Livestock Research for Rural Development 25 (7) 2013 | Guide for preparation of papers | LRRD Newsletter | Citation of this paper |
A study on flock dynamics and composition of rural poultry production was conducted in lowland and midland agro-ecological zones of central Tigray, in northern Ethiopia having the objective of assessing flock structure and composition and identifying associated constraints and opportunities under rural household management. A total of 160 rural households, 80 from each district, were randomly selected and 50% of them were female headed households. Data were collected using semi-structured questionnaire and repeated farm recording methods. Red color was the most dominant color (52.3%) in the flock followed by grayish color (20.9%) in both agro-ecologies.
Flock size in midland (8.0±0.35) was higher than in lowland (5.6±0.35). Flock size per household was inversely correlated with number of cattle (r= -0.33, n= 160) and number of goats (r= -0.42, n= 160). Higher flock size per households was recorded in October, November, December and January. The size of flocks in the male and female headed households decreased by 38.2% and 28.6% during March in lowland and midland agro-ecology and increased by 50% and 42.8% in December respectively. Indigenous chickens were dominant in lowland and midland areas that accounted for 88.8% with very small exotic breed Rhode Iceland Red (RIR) chickens.

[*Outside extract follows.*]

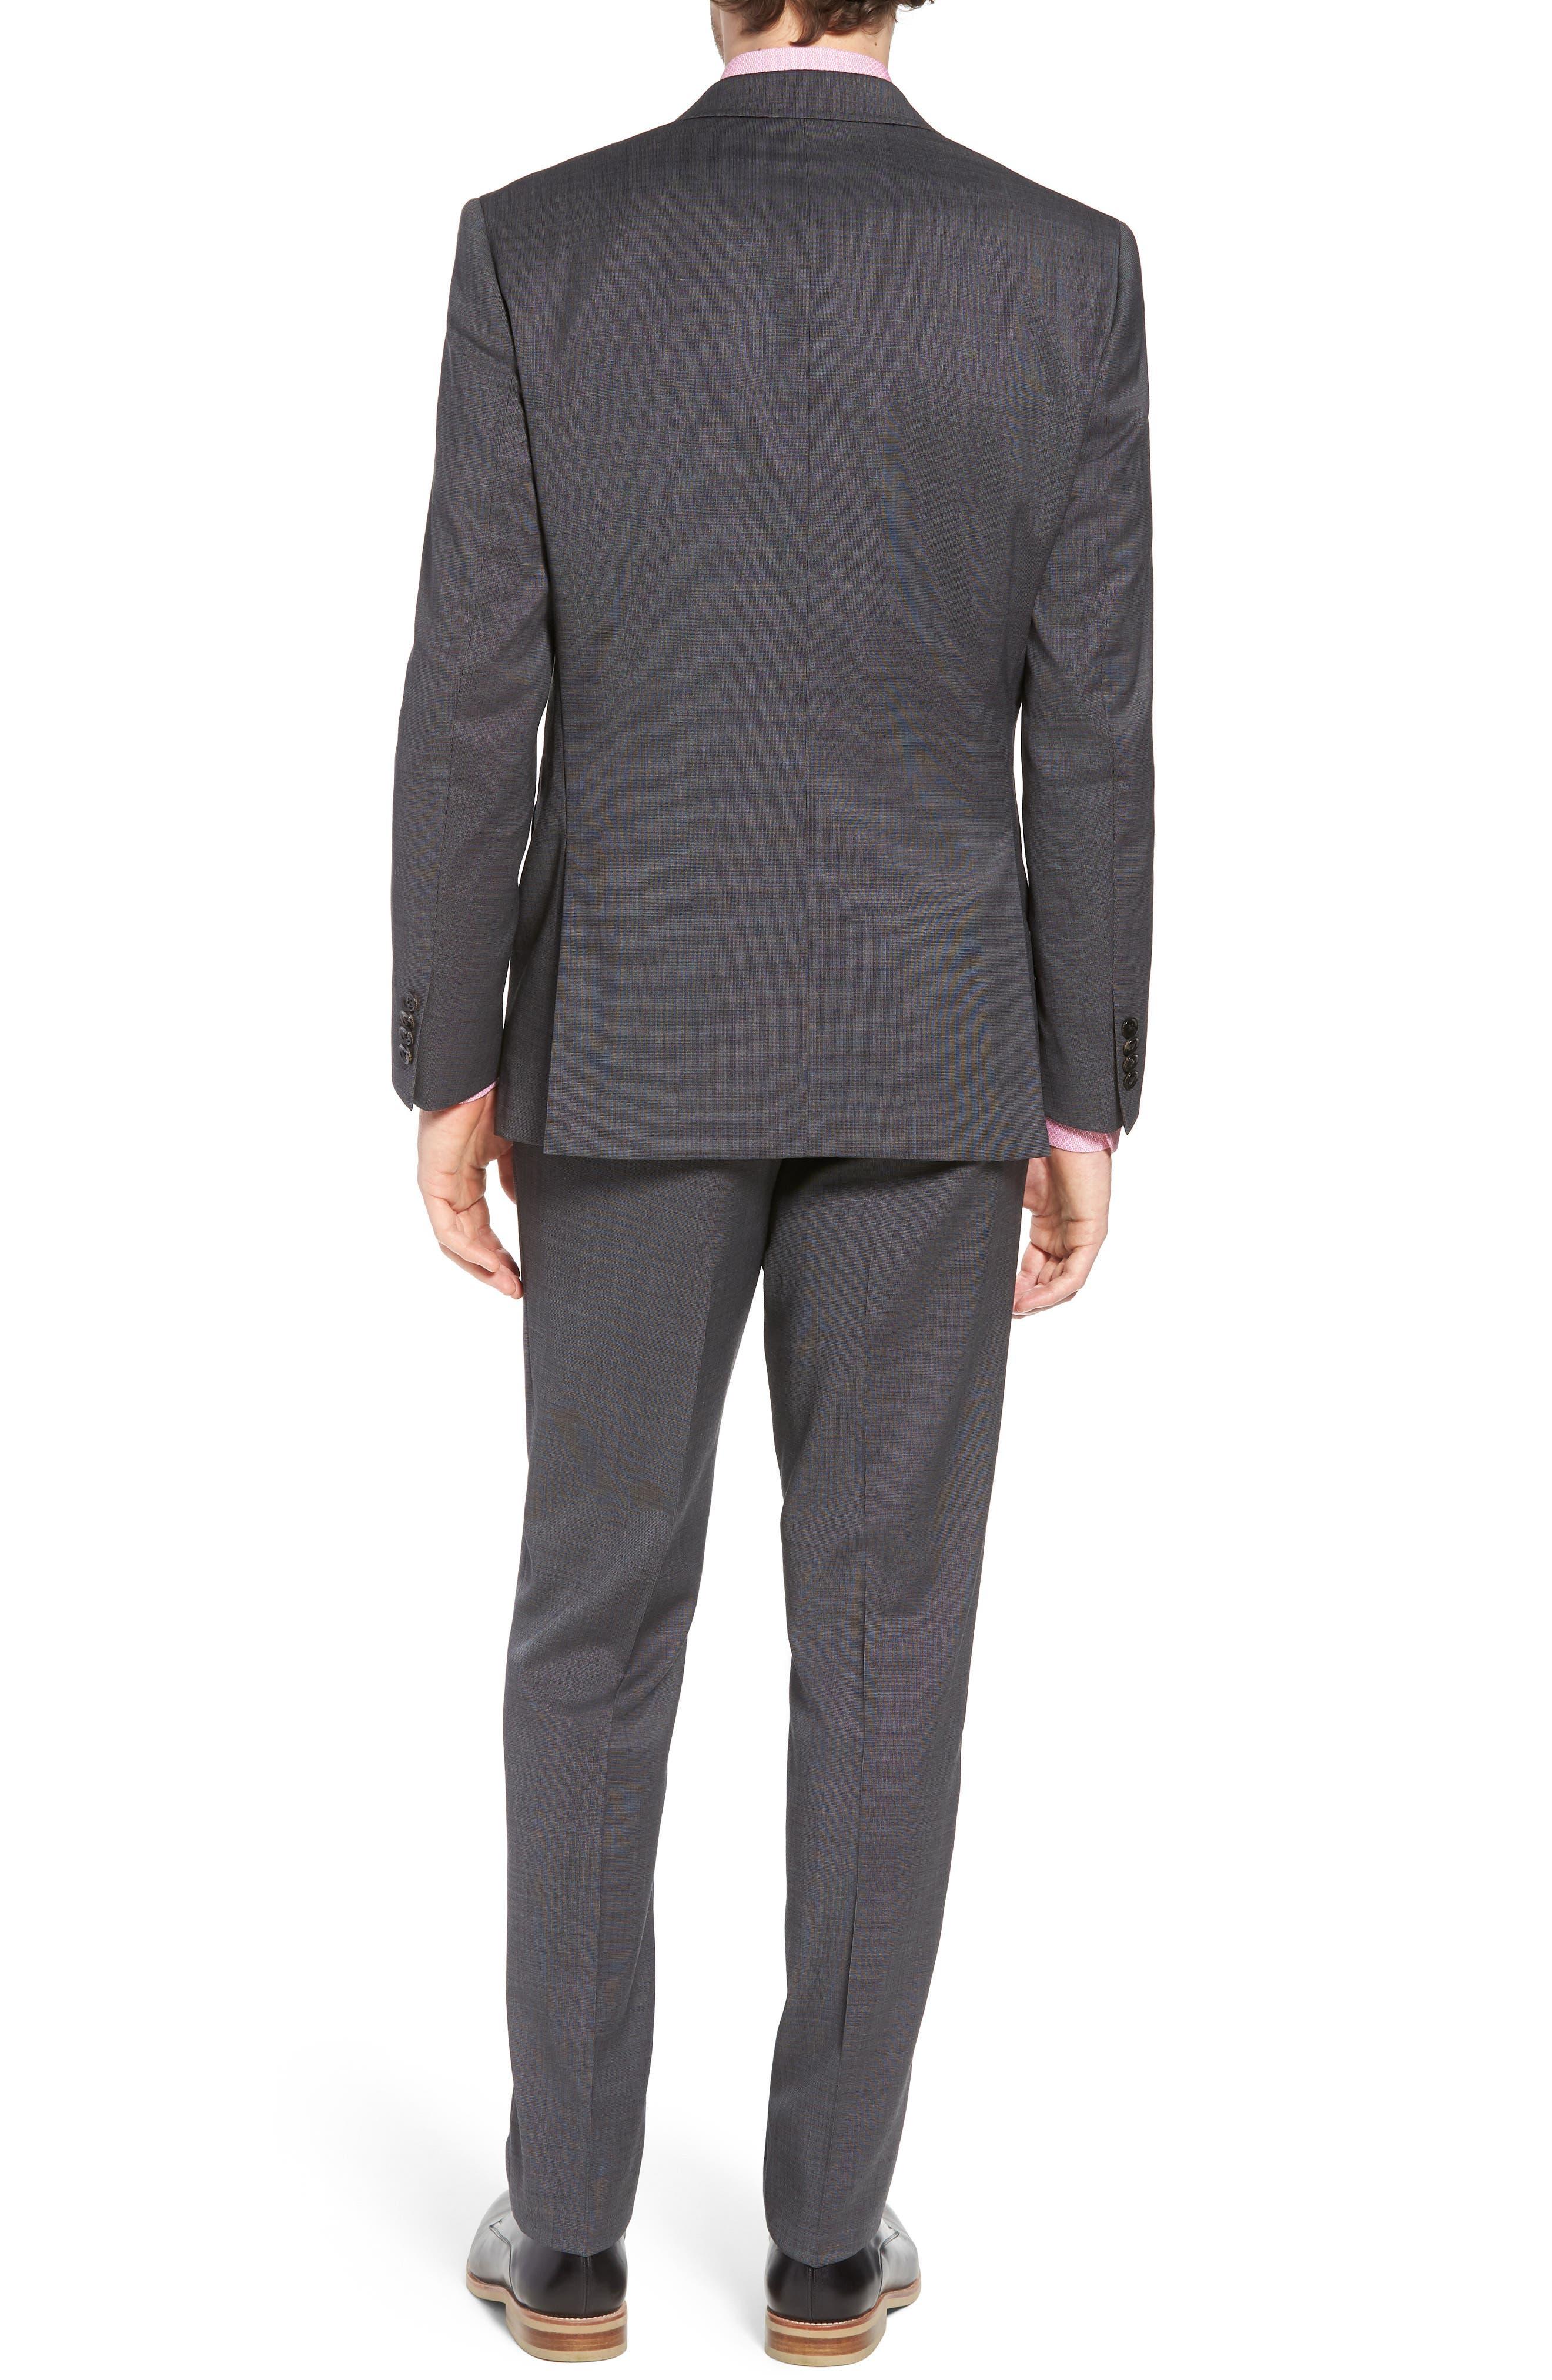 Jay Trim Fit Solid Wool Suit,                             Alternate thumbnail 2, color,                             020
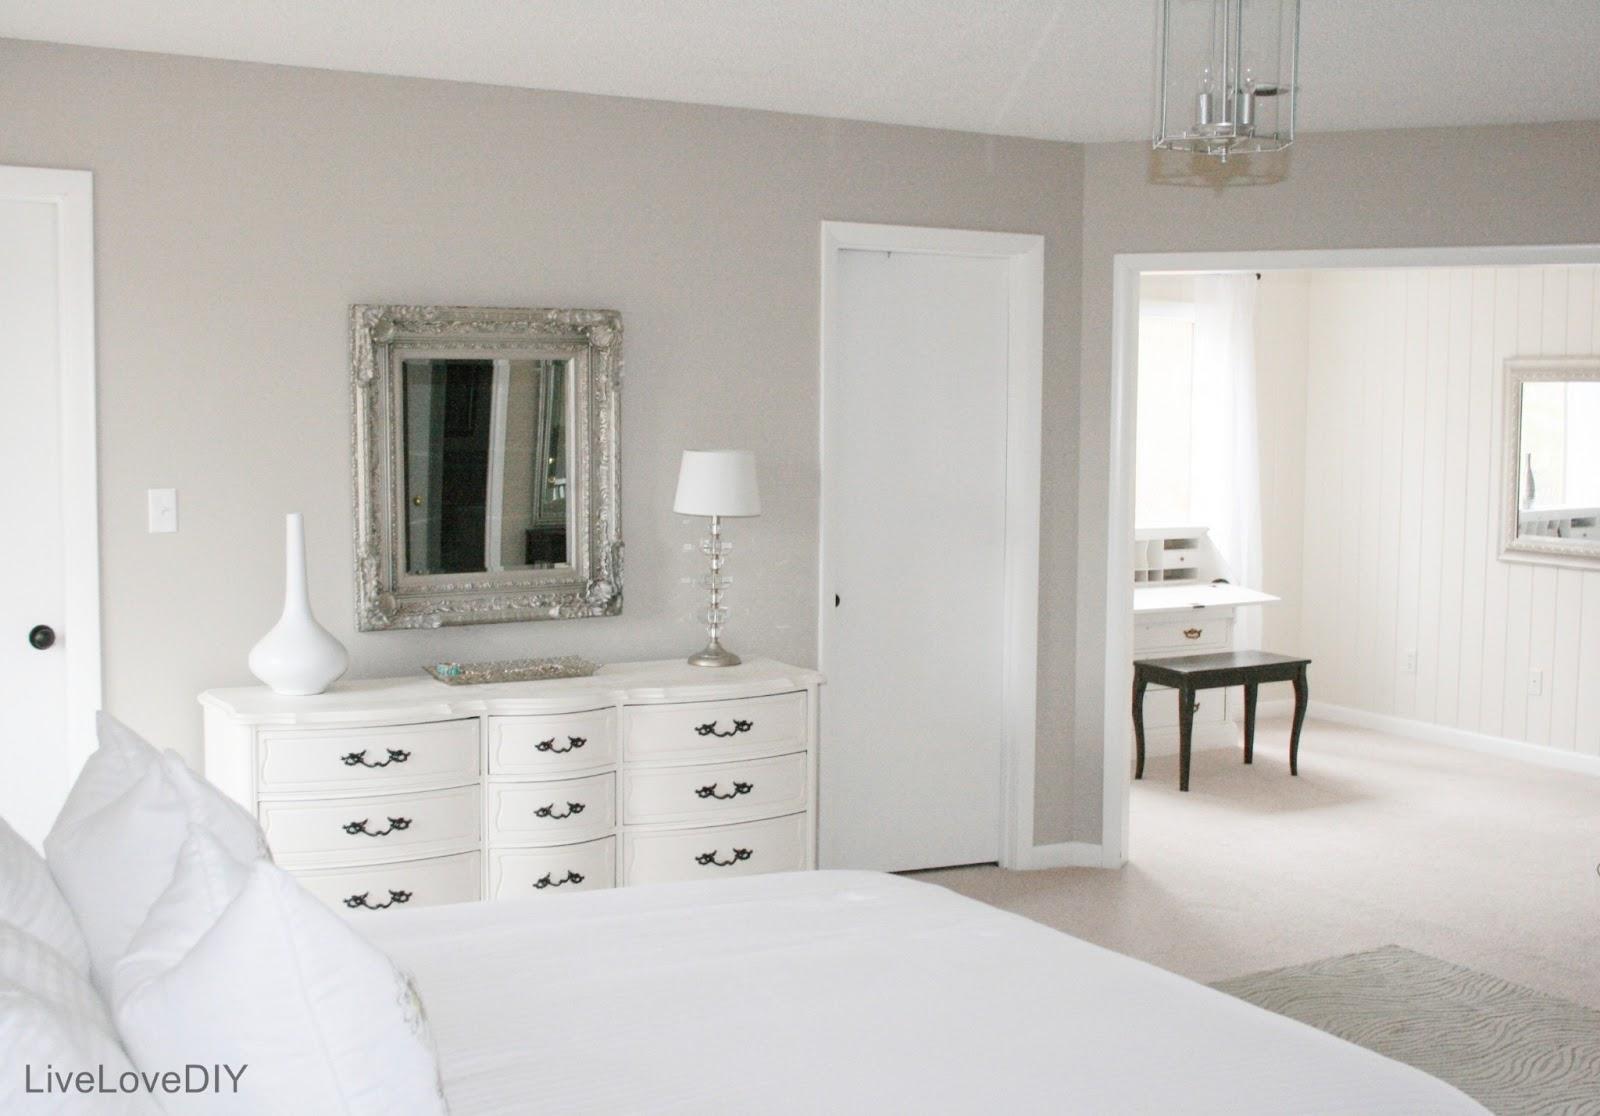 LiveLoveDIY How To Update Old Brass Fixtures - Update old bedroom furniture

Key words: ecotype, flock size, plumage
Ethiopian chickens are estimated to be over 56 million, and almost every family in the rural areas of the country practice traditional chicken production system (ILCA, 1993; Solomon, 2003). Out of the total national poultry population the Amhara and Tigray regional states collectively own about 43% with the average number of chickens per household 7.2 in Tigray and 4.4 in Amhara regional state whereas at national level, flock size is estimated to be 4.1 chickens per household (Solomon 2008). The term backyard chicken production designates rearing of chickens on small scale (10-50 birds) for family use and up to some extent for generation of cash income (Farooq et al 2004) and chicken kept on small farms under extensive management system considerably contributed to the cash income of the rural families in most of the third world countries (Farooq and Mian 2001). There is no exact figure indicating the number of people raising chickens at the household level. However, it is believed that all the estimated agricultural households are engaged in small-scale household poultry production using indigenous chickens in different parts of the country depending on climatic conditions. For instance, 97.82% of the population consists of local breed types under individual farm household management and the remaining 2.18% of birds are mainly in state-run modern production systems, with a very small proportion in private units (Berihun 2007). The traditional poultry production system is characterized by small flock sizes, low input, output, and periodic devastation of the flock by disease. Even with its challenges, backyard poultry production, which is still important in low-income food-deficit countries, is an appropriate system to supply the fast-growing human population with high quality protein (Tadelle et al 2003). It is also a source of employment for underprivileged groups in many local communities (Mengesha et al 2008a). However, there was no any research carried out in central zone of Tigray that addressed flock dynamics and breed composition of rural poultry. Moreover, the fate and flock composition of the introduced chicken breeds was not known. Therefore, it was imperative to conduct comprehensive studies that can cover the entire flock dynamics, proportion and flock composition of both exotic and indigenous breeds under the rural household management practices.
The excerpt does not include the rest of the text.